I have a system where I want to listen to a socket and wait to client connect and then pass the connection to another application that I’ll start as soon as the connection is established.
I do not have control on this other application and can only set the port where it will listen, but I want to have one process for each new client.
This is what I’m trying to do:

I’ve been searching for a solution, but I thing I don’t have the right terminology, but I managed to find on Richard Stevens’ “Unix Network Programming” something about the AF_ROUTE family of sockets that may be combined with a SOCK_RAW to route a connection to another IP and port. But there’s too little documentation about how to use this flag and seems to require superuser privileges (that I want to avoid).
Maybe there’s an easier solution but I’m probably using the wrong terms. Is it clear what I want to do?
I don’t think you’ll be able to just “pass” the socket like you want to, especially if you can’t change and recompile “APP”. Sockets include various administrative overhead (resource management, etc) that are linked to the process they are owned by. In addition, if you can’t recompile APP, there is no way to make it bypass the steps involved with accepting a connection and simple have an already open connected “handed” to it by your router.
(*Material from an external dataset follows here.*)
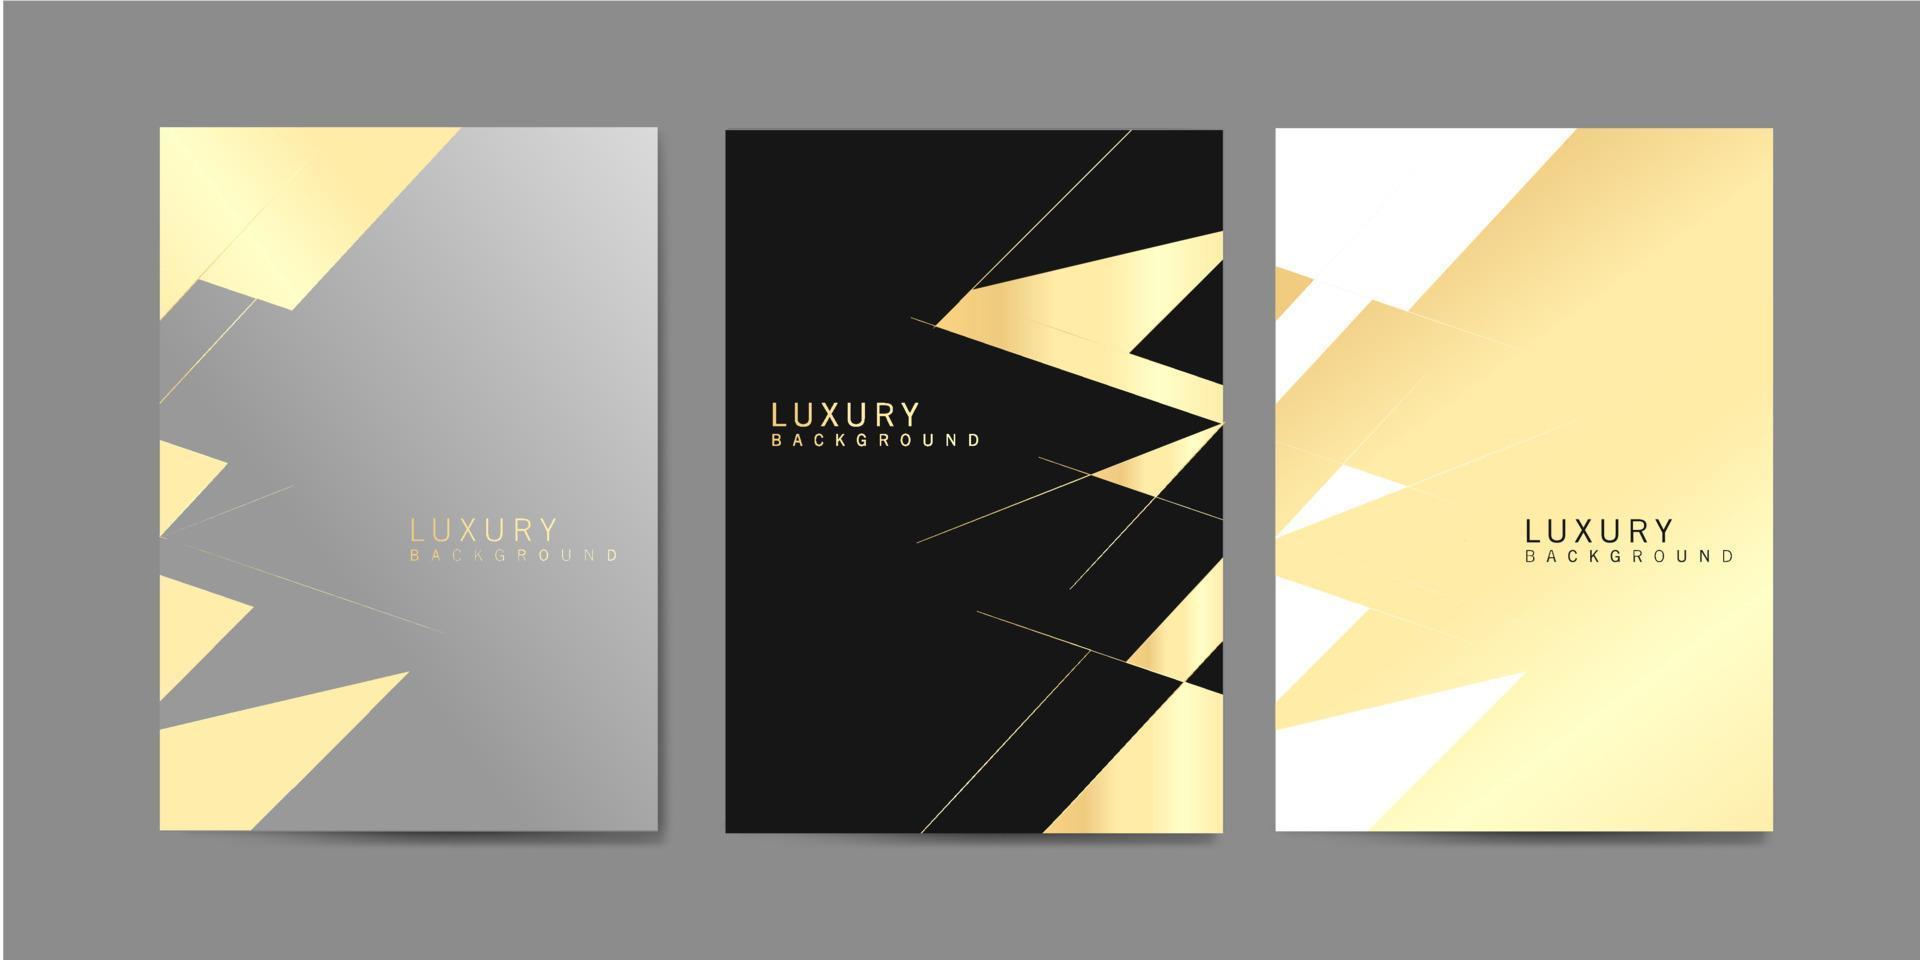 capas de luxo com design minimalista. fundos pretos e dourados para seu projeto. aplicável para banners, cartazes, cartazes, folhetos etc. vetor eps10
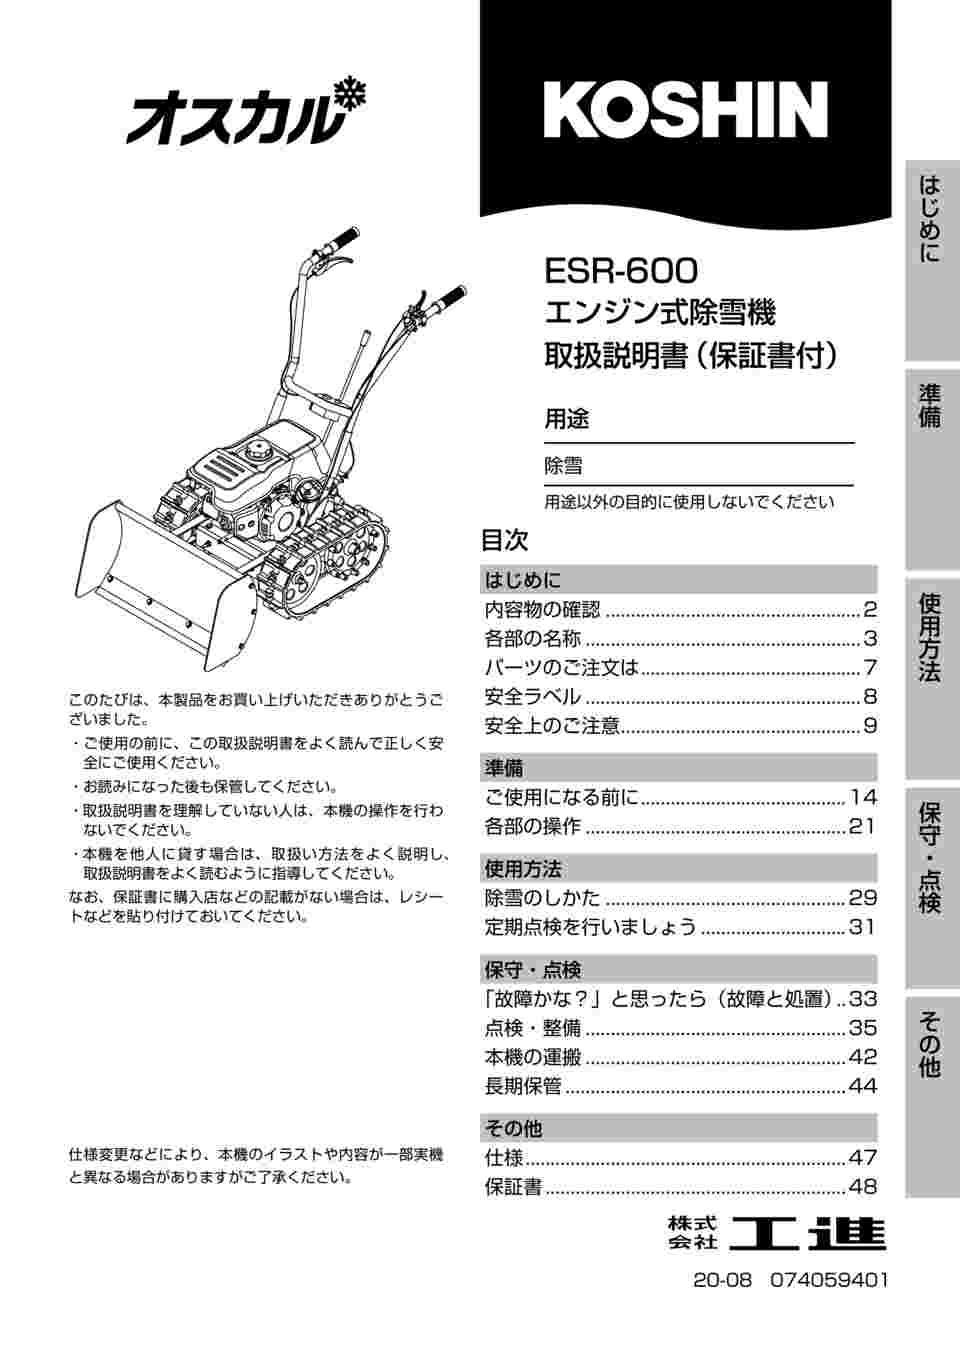 人気 伊藤農機ストア工進 エンジン式除雪機 ブレード式 ESR-600

However, have you considered simply using router as a pass-through? Basically, have your “Router” process connect via sockets to the each “APP” process it spawns, and simply echo whatever it recieves from the appropriate client to the appropriate APP, and visa versa for APP to client?
This does add overhead, and you will have to manage a small mapping to keep track of which clients go to which apps, but it might work (assuming the APP or client aren’t basing any behavior off of the IP address they are connected to, etc). Assuming you can’t recompile APP, there might not be too many other options.
The code for this is relatively simple. Your handler for data recieved from APP just looks up the socket for the appropriate app from your mapping, and then does a non blocking send of this data out on it. Likewise the handler for data recieved from client. Depending on how exactly the clients and app behave, you may have to handle a bit of synchronization (if you recieve from both simultaneously).